具自動化量測能力之機器人整體性精密度校正系統

Abstract

本論文提出一具自動化量測能力之整體性精密度校正系統，來解決計算機輔助設計系統與機器人之座標等效（coordinate's equivalence）問題，目前機器人精密度校正的研究大都著重於某些局部區域，也就是說僅要求機器人在某些工作區域的誤差參數（CEPs）能達到所需的精密度要求。這主要是由於不精確的誤差結果不能完全被模式化（model）和限制辨別誤差參數所需量測的數目。為了克服此僅是區域性準確的問題，我們首先提出利用可調式量測空間分割（adjustable measurement space division），根據CEPs實際分佈情形將工作區間合理分割為數個小區域（local region），同時選擇在此小區域的具代表性的誤差能數；並且利用此有限的誤差參數經模糊小腦模型算數計數器（Fuzzy Cerebellar Model Arithmetic Computer，簡稱FCMAC）神經網路的學習法則來產生整個工作區域的合理的誤差參數。我們並完成一機器人位置自動化量測系統。最後，我們透過模擬及實驗來驗證此具自動化量測能力之整體性精密度校正系統的可行。

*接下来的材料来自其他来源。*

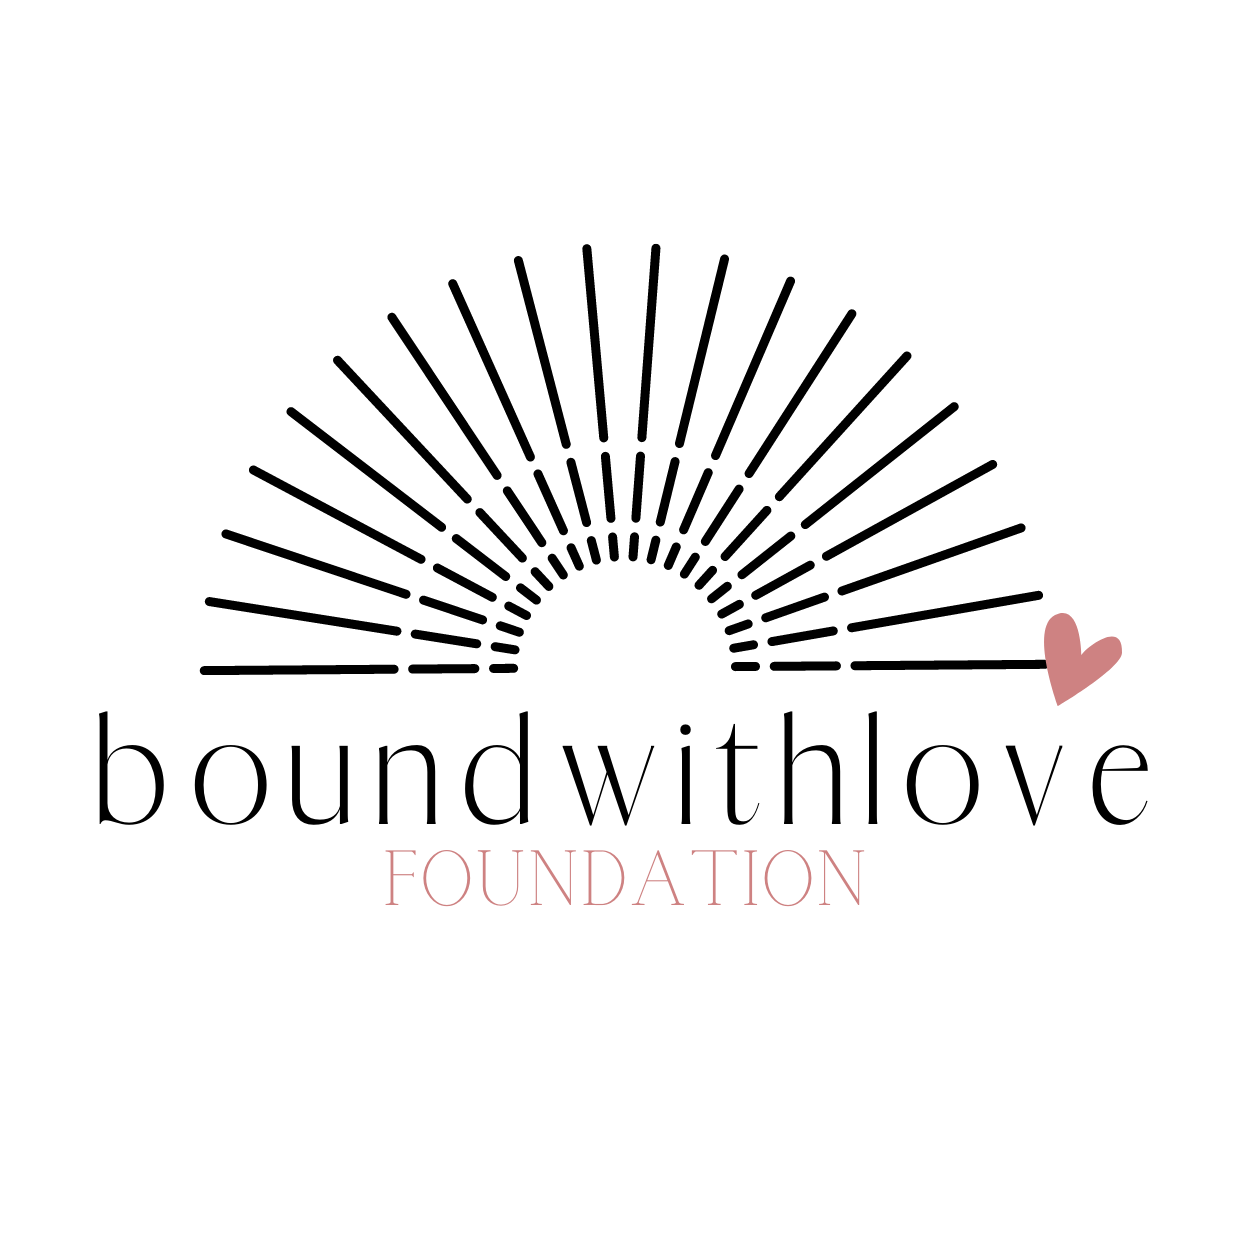 Bound With Love Foundation
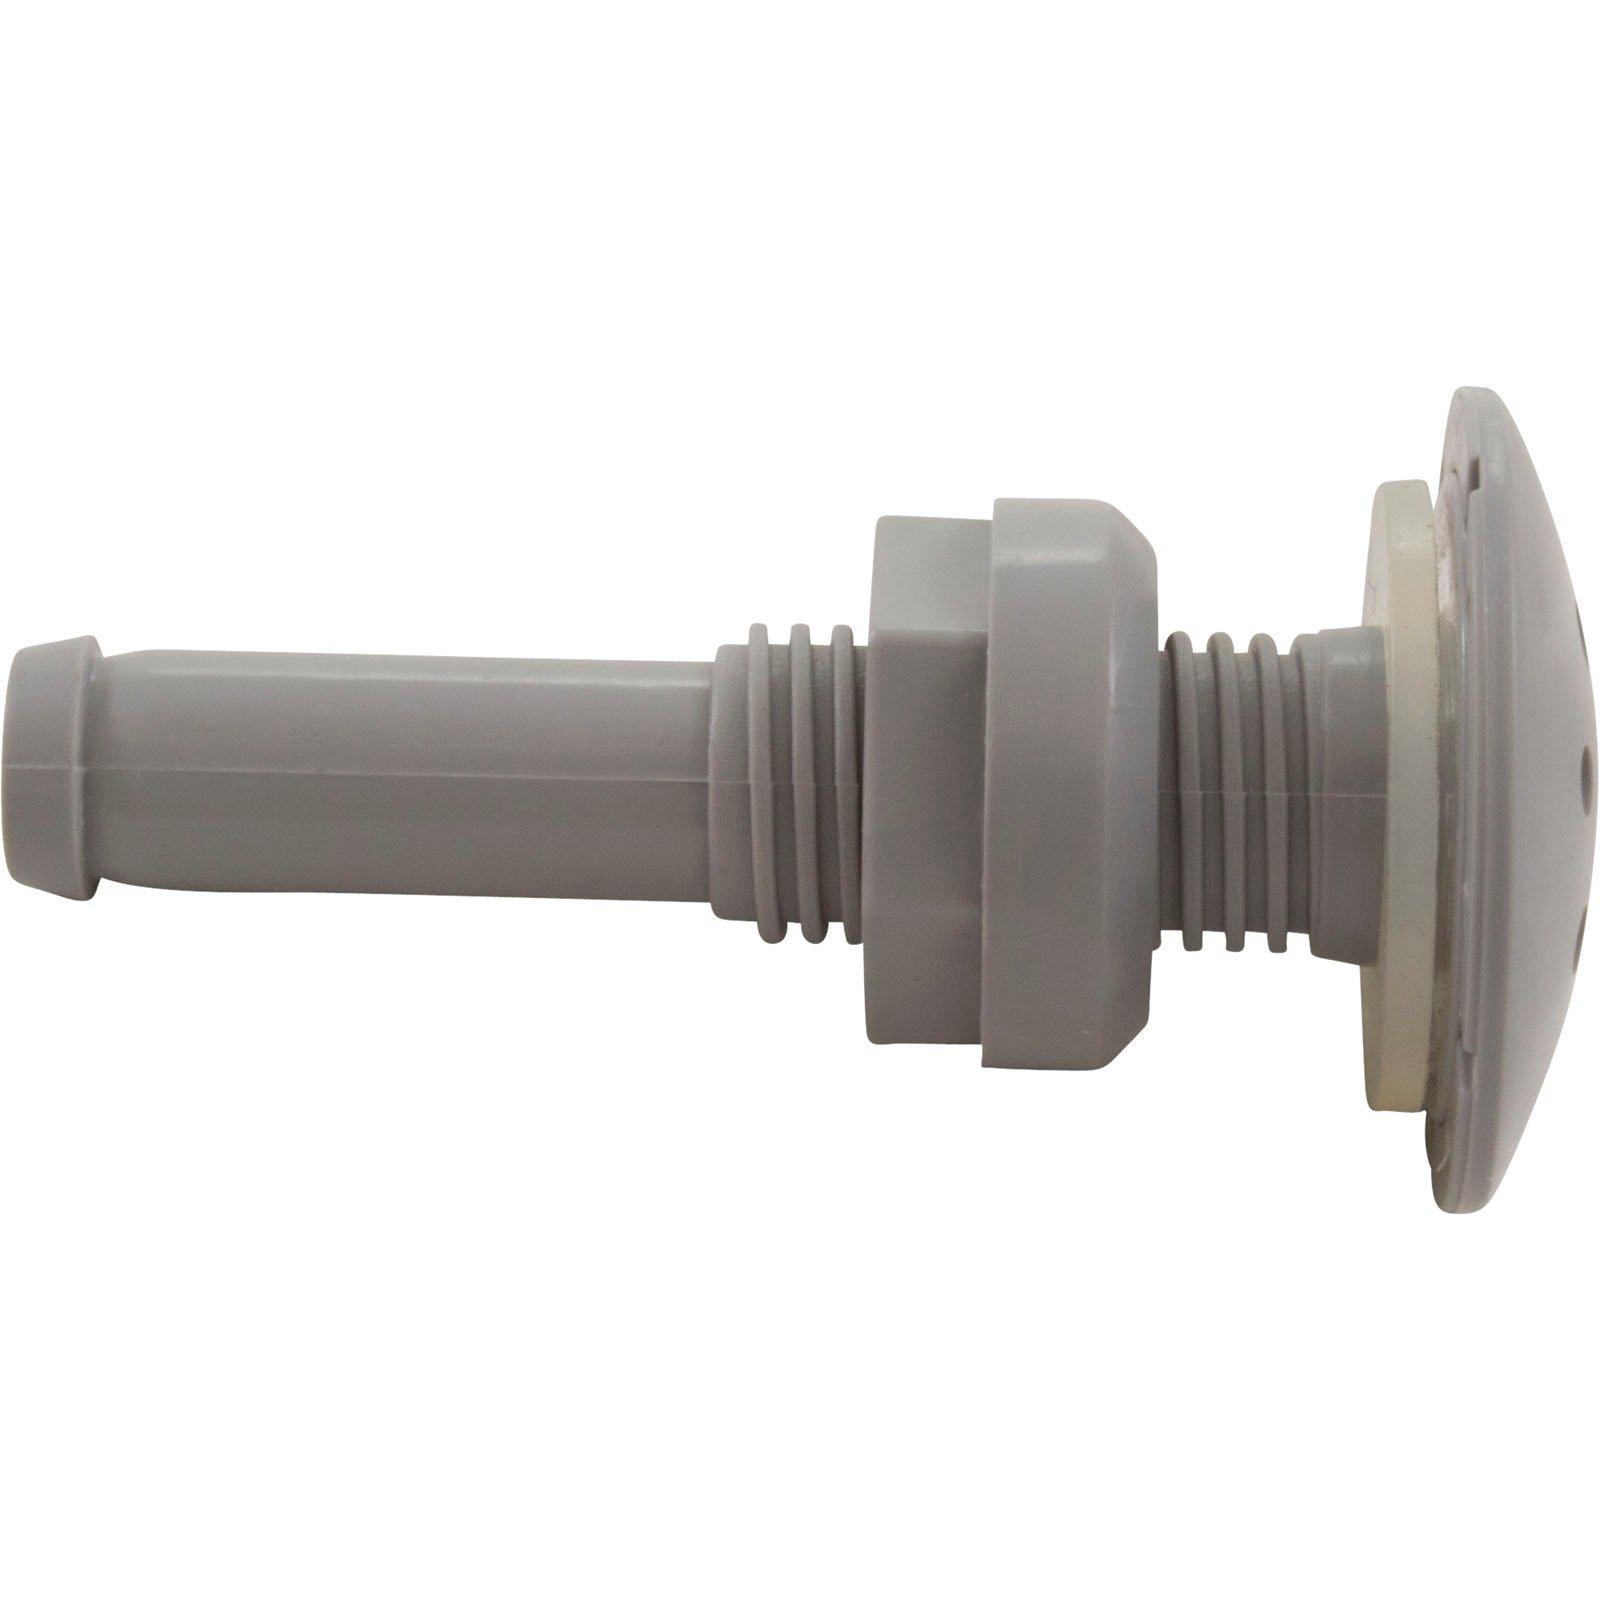 CMP Air Injector CMP Economy 3/8 Barbed Gray

An automated calibration system is proposed to resolve the coordinates' equivalence problem in integrating the CAD system and robot manipulators. Current robot calibration schemes are inevitably with certain locality, i.e., the calibrated error parameters (CEPs) will produce the desired accuracy only in certain region of the robot workspace. This is mainlybecause of the errors resulting in the imprecision are not completely modeled and only limited number of measured data are available for identifying the CEPs. To overcome this locality problem, we propose first performing the adjustable measursement space division to appropriately divide the workspace into local regions and select the representing set of CEPs from each local region. An automatic pose measurement system is implemented to improve th time-consuming task of measuring the pose of a robot manipulator. Learning algorithms based on the FCMAC neural networks are then employed to generate appropriate sets of CEPs for the whole workspace based on the derived finite sets of CEPs above. Simulations and experiments are excuted to verify the proposed scheme with a variable D-H parameter model.